По сути, творчество – это квинтэссенция одной из уникальных черт человеческого разума. На мой взгляд, есть четыре функции разума: познавать, потреблять, создавать и созидать. Они есть у всех людей, но в разных пропорциях. У одних может быть функция потреблять сильнее, чем у остальных. У меня, к примеру, как у творческой личности, познавать, создавать и созидать затмевает все остальное. Мы приходим к тому, что создание чего-то нового, творение предметов искусства, музыкальных произведений, – это одно из самых монументальных свидетельств величия человеческого разума. Высота разума и его качество - феномен нашей цивилизации. Всеми достижениями человечества мы обязаны уникальному свойству интеллекта. Наука и искусство – высочайшие проявления разума! Потому что только человек из всех ныне известных науке видов способен творить ради творения. И изучать ради того, чтобы изучить. Еще Бетховен говорил, что «только искусство и наука возвышают человека до Божества». То есть, искусство и наука делают человека человеком. Это ярчайшее воплощение его разума. А разум человека – это то, что отличает человека от животных. Именно благодаря способности своего разума человек смог создать сегодняшнюю цивилизацию.

– Религия влияет на Ваши произведения? Есть ли в них духовный аспект?

– Я думаю, что тут лучше разделять слово «официальная религия» от духовных аспектов. Духовные аспекты, конечно, есть в моем творчестве, они тесно связаны с моим мировоззрением. Но я бы не стал их связывать с понятием «религия». Моя религия – это музыка и наука. Полагаю, что у каждого человека есть то, во что он верит.

– Есть ли у Вас кумиры? Кого из современных авангардных композиторов Вы цените? Какие композиторы Вам ближе: структуралисты или концептуалисты?

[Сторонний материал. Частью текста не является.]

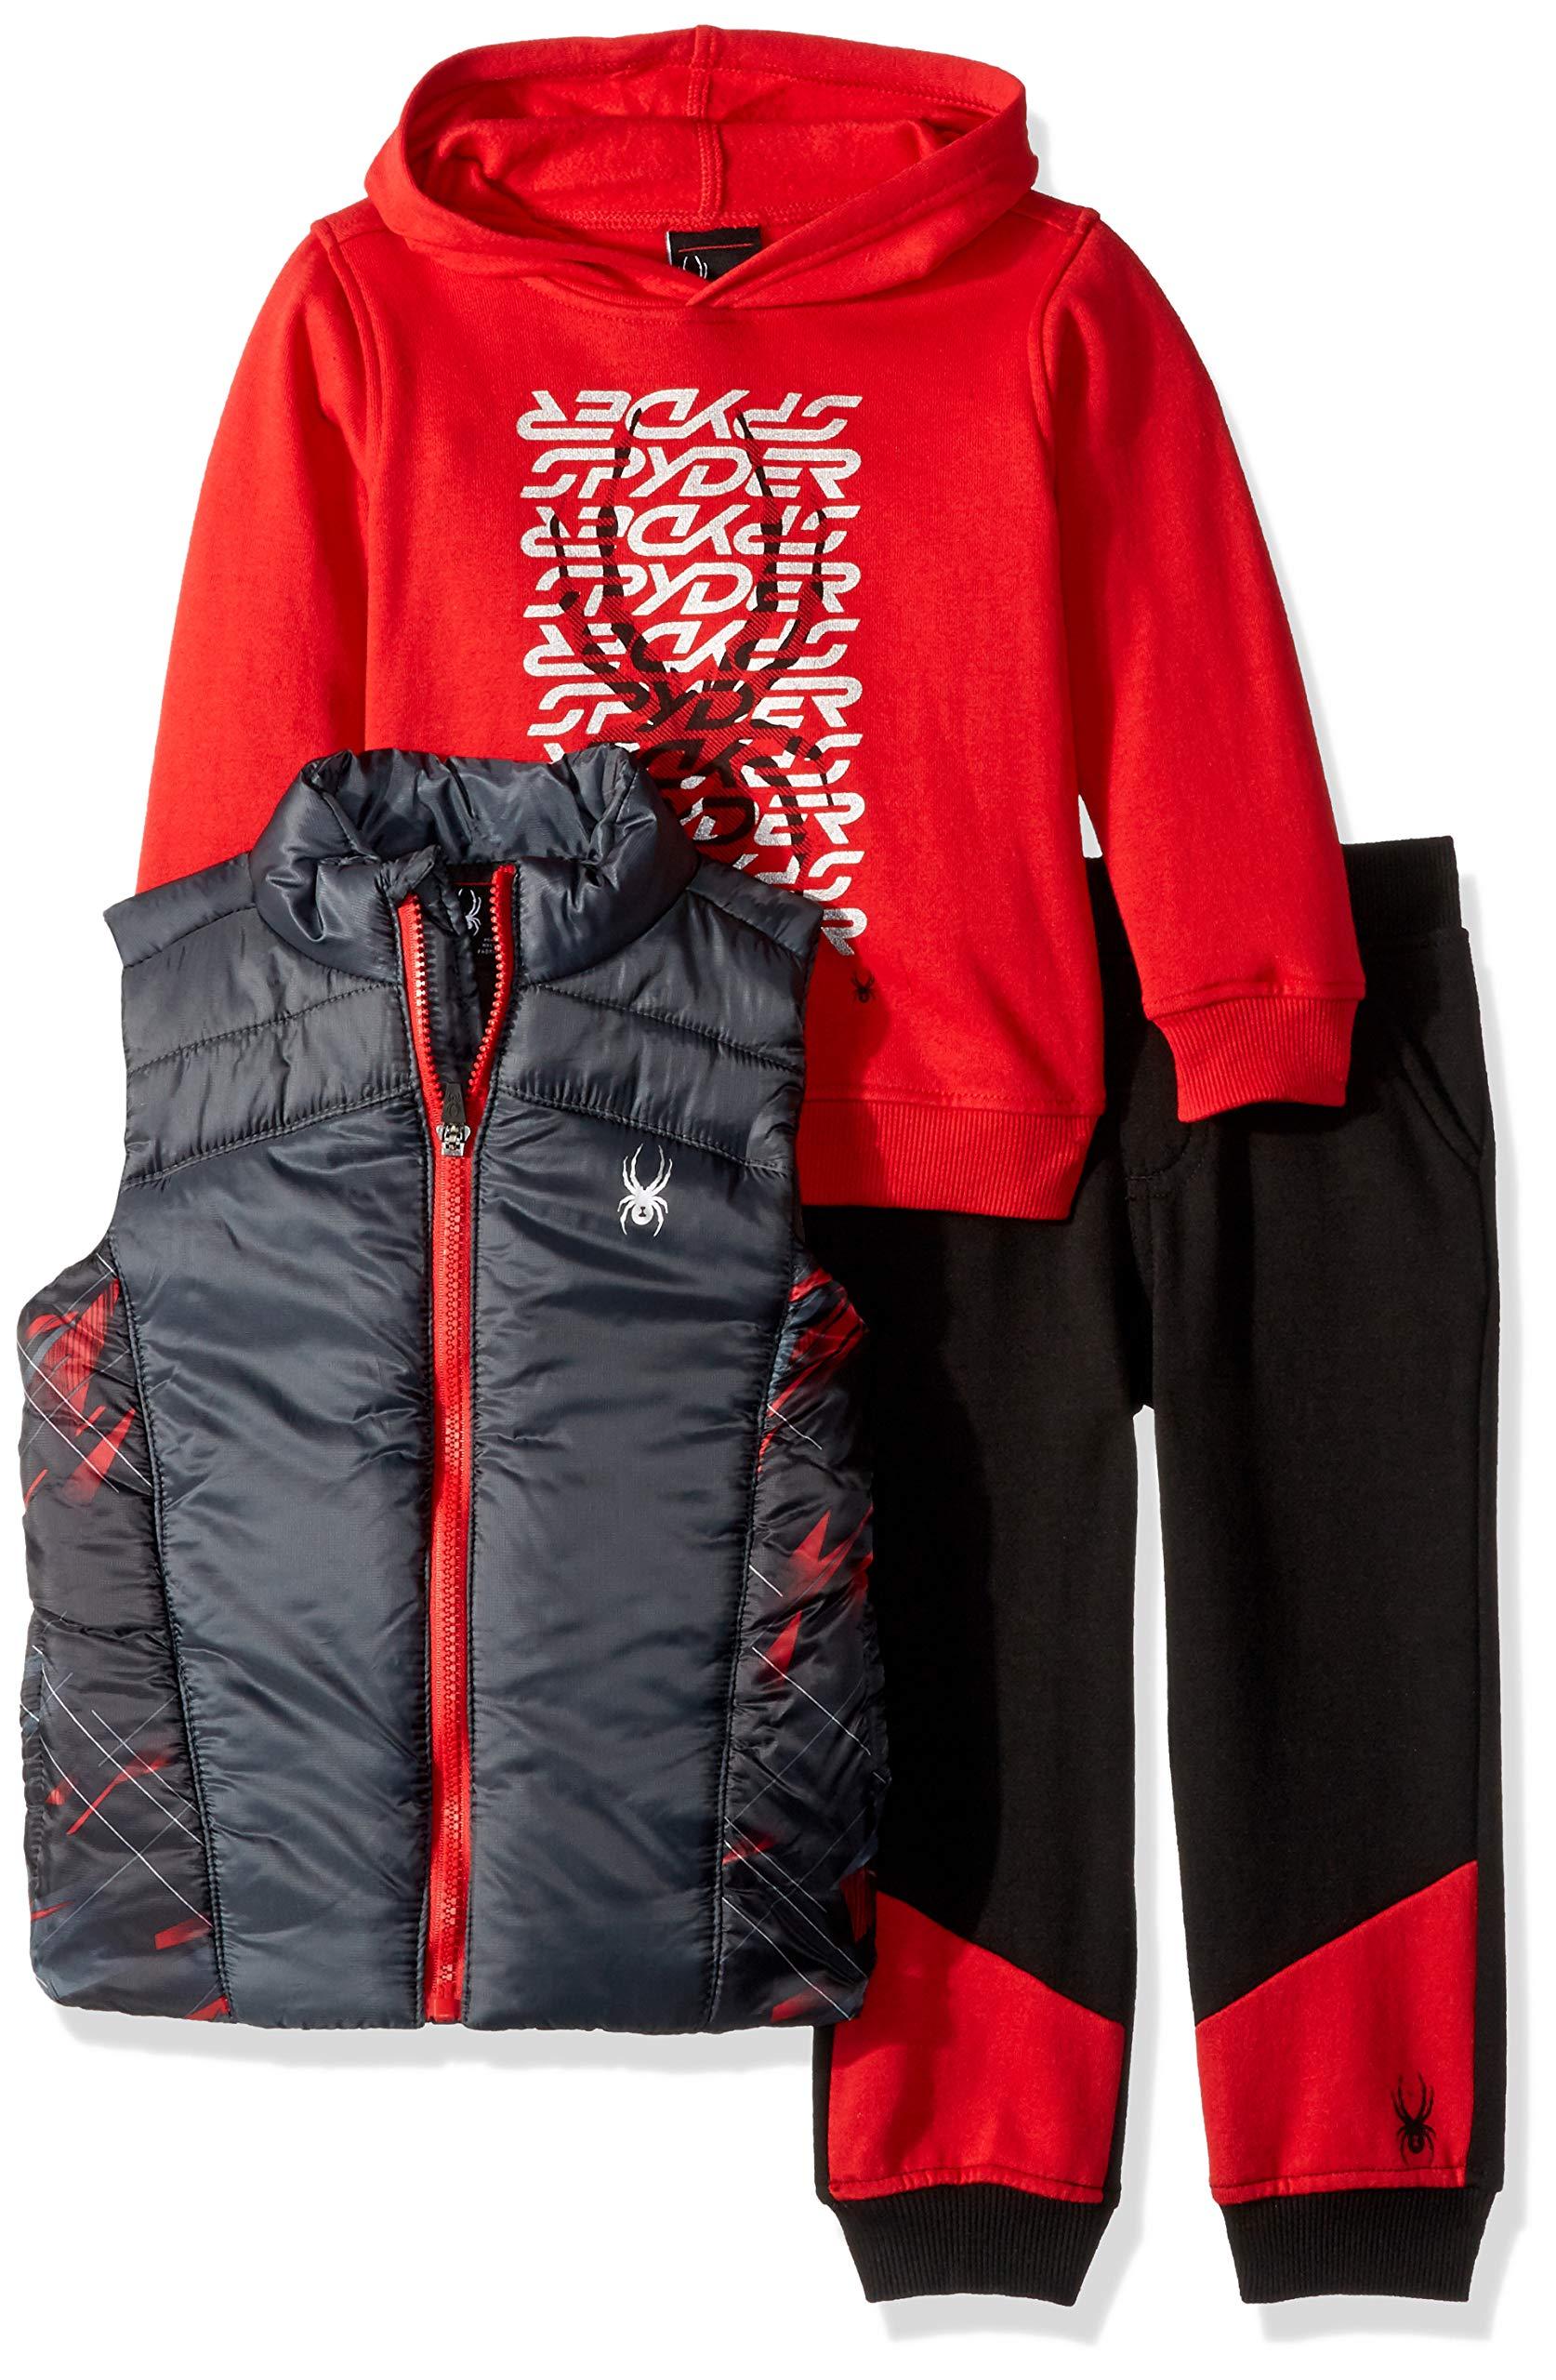 Spyder Boys' Toddler 3 Pieces Vest Set, Gray/red, 2T

– Кумиров у меня много, чтобы называть одного. Я против фанатизма или слепого поклонения, восхищения. Но есть личности, которыми я восхищаюсь не просто так, а через анализ их творчества, и только тогда я начинаю понимать, что это действительно были гении. Если мне, человеку думающему, кто-то скажет вот появился гениальный композитор…

– …и что Вы предпримете?

– Прежде всего, мне надо будет прослушать его музыку, посмотреть его партитуры, прочитать его работы, и только тогда я смогу по-настоящему его оценить и признать. Но таких личностей было немало. Начиная с композиторов средневековья, как Перотин, Леонин, заканчивая нынешними мастерами и даже моими учителями. Например, когда мне было 10 лет, я наткнулся в интернете на запись фортепианного произведения Карлхайнца Штокхаузена, и оно перевернуло моё представление о сущности музыки и её эстетической красоты. Может, оно и послужило стартовым импульсом к моему увлечению авангардом.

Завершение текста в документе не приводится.